How the hell are our politicians still so spectacularly horny and incompetent that they can’t even get their ends away without causing a potential national security crisis? Does nobody get even the most basic training on avoiding extortion and potential intelligence-orchestrated honey traps? What the fuck happens? Do you all just march out of the House of Commons after a late night vote with throb-ons pulsing, your right honourable members dragging you around the neon streets of London like sentient divining rods?
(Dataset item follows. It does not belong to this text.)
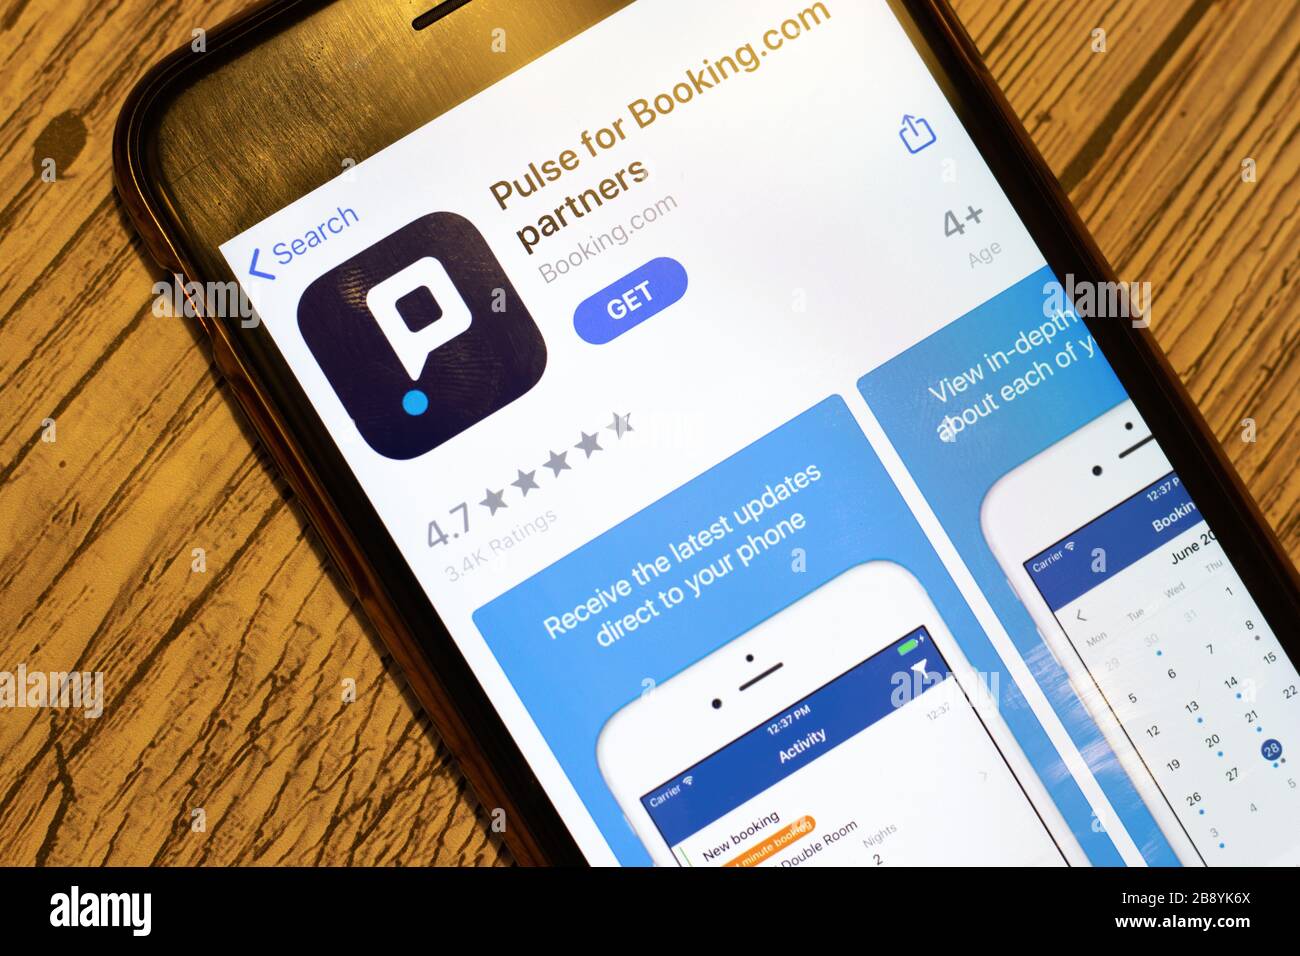 Los Angeles, Californie, États-Unis - 24 mars 2020: Vue de dessus de l'écran du téléphone avec l'icône du logo Pulse for Booking.com Partners sur l'App Store, illustratif Banque D'Images
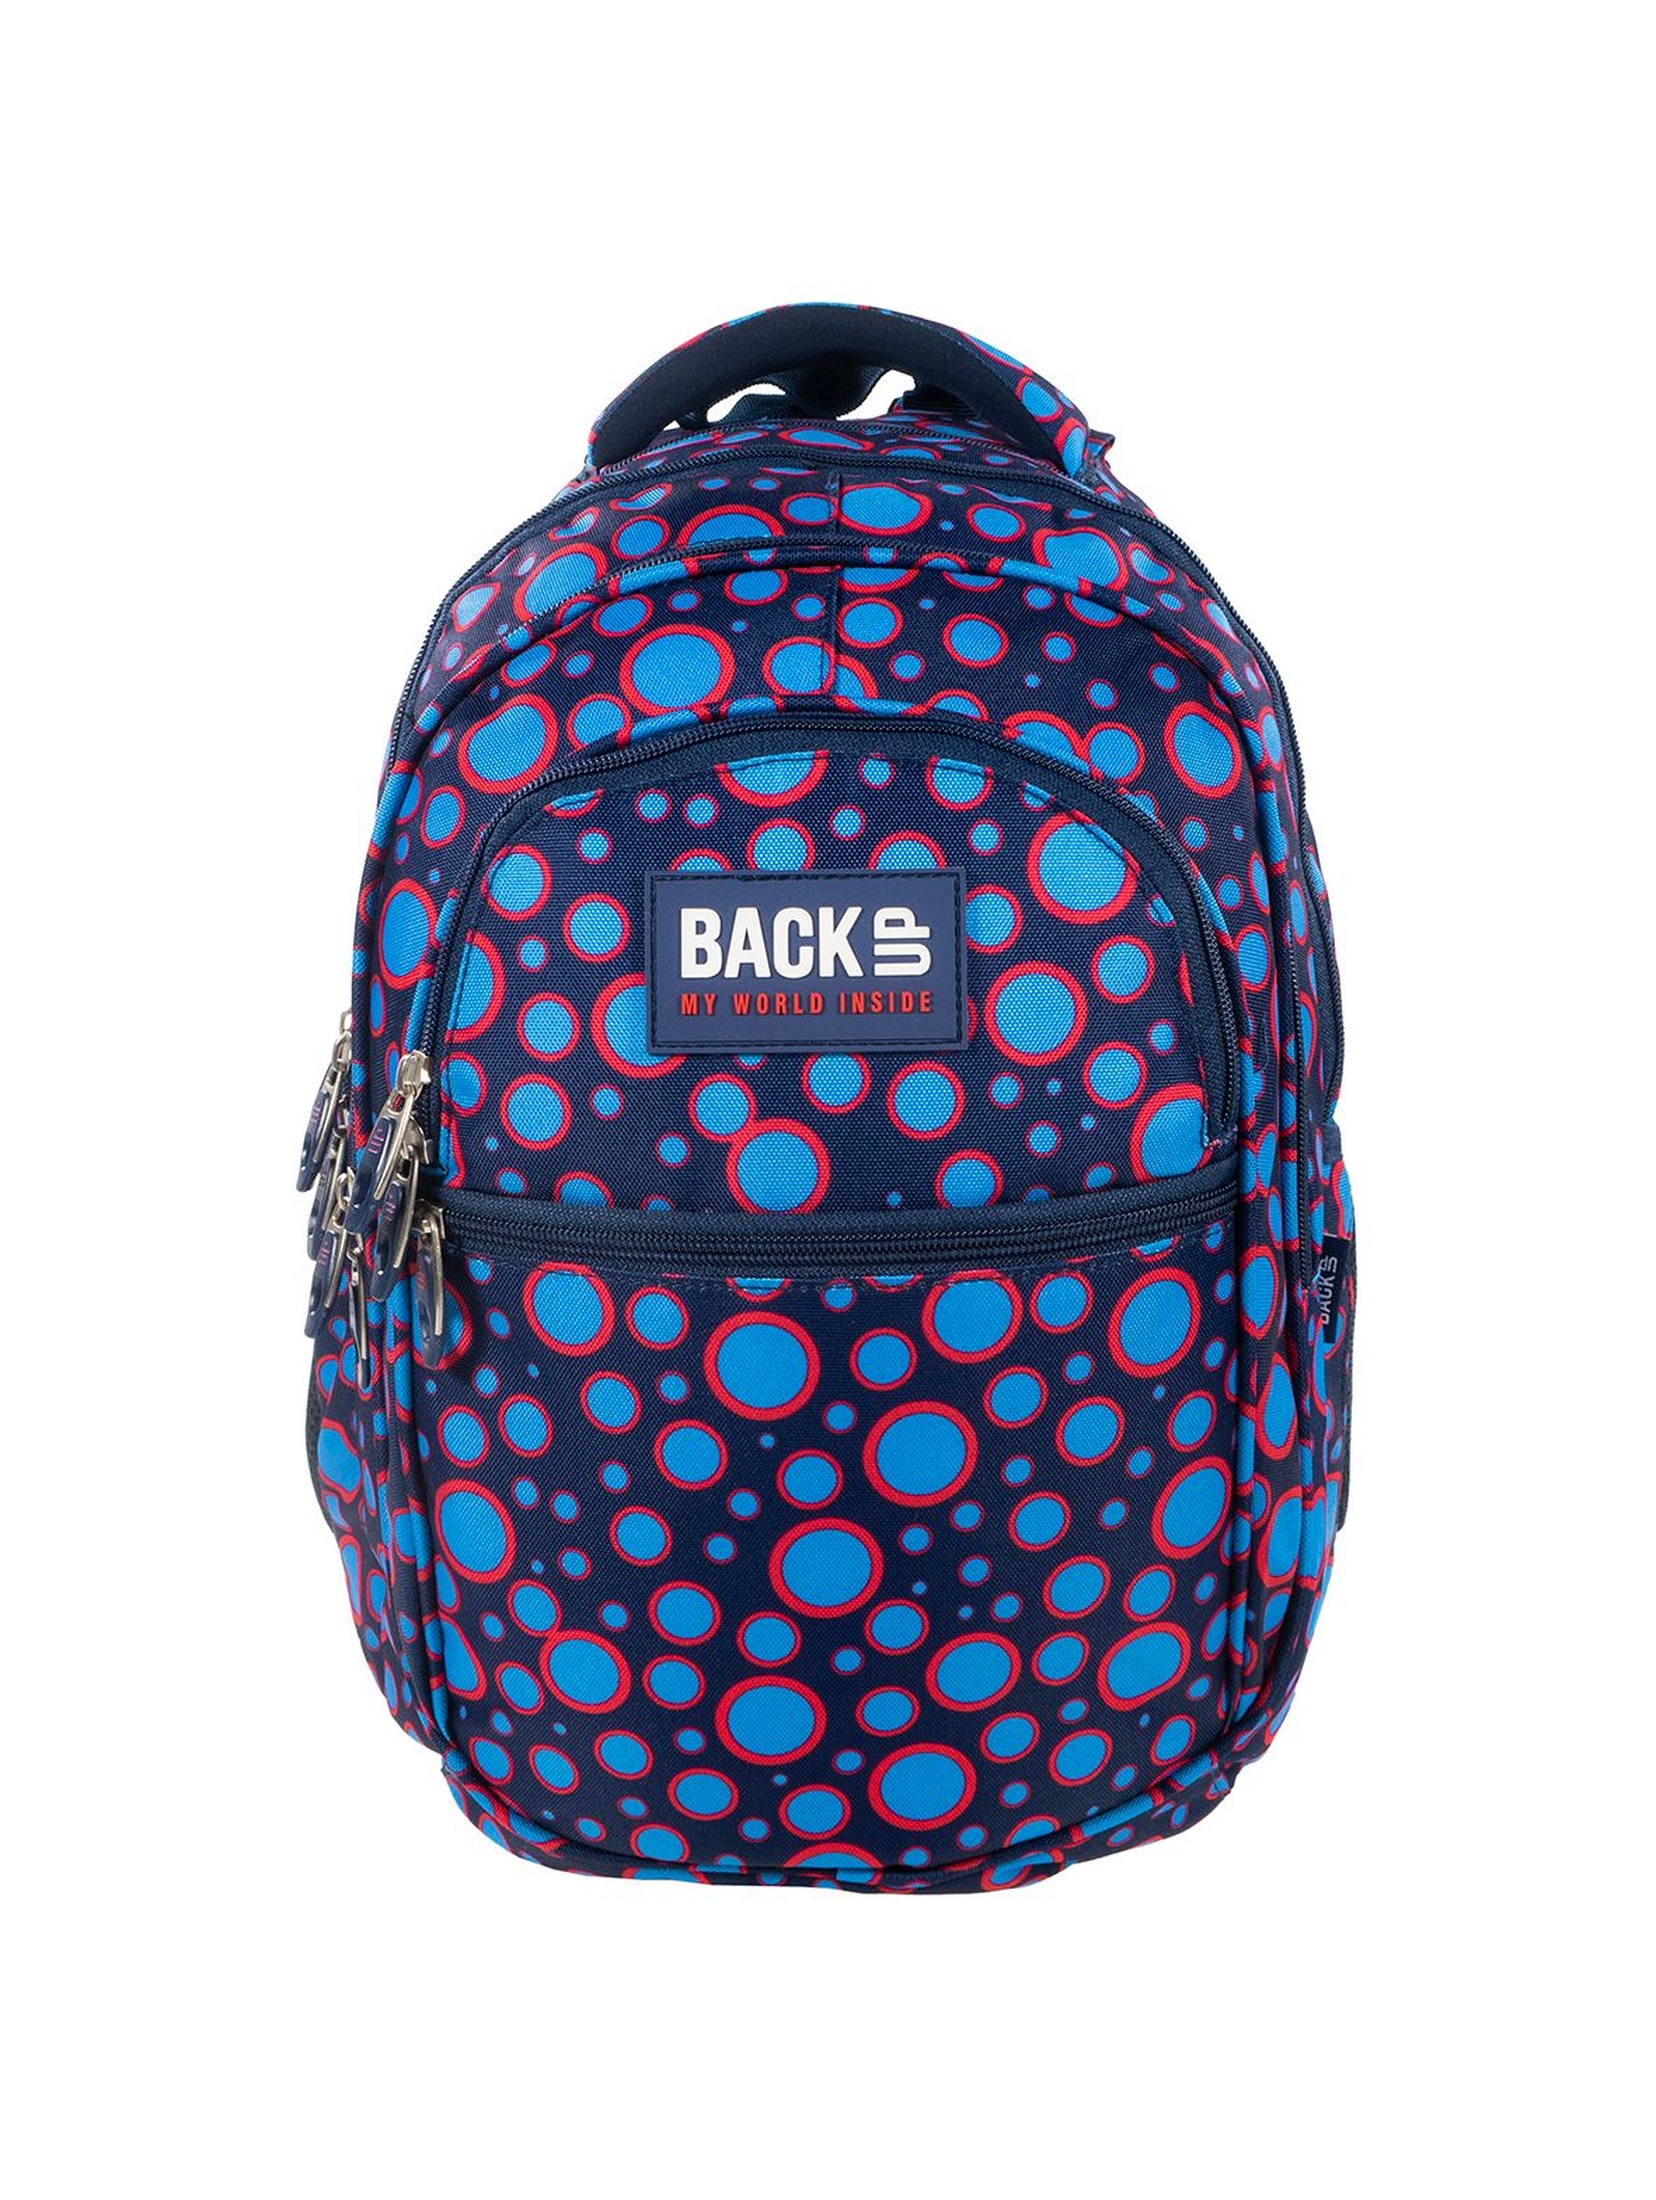 Plecak BackUP +SŁUCHAWKI kolorowy wzór geometryczny

The sheer fucking gall of the Tories honking their accusations at Angela Rayner and thumping their armrests this week, knowing full well their own party has been sitting on this absurd scandal for months. I’m no prude and everyone’s entitled to a private life but when you’re an elected representative and a public servant, the absolute least you could do is avoid embarrassing the entire country by refusing entry to the occasional Black Rod of your own.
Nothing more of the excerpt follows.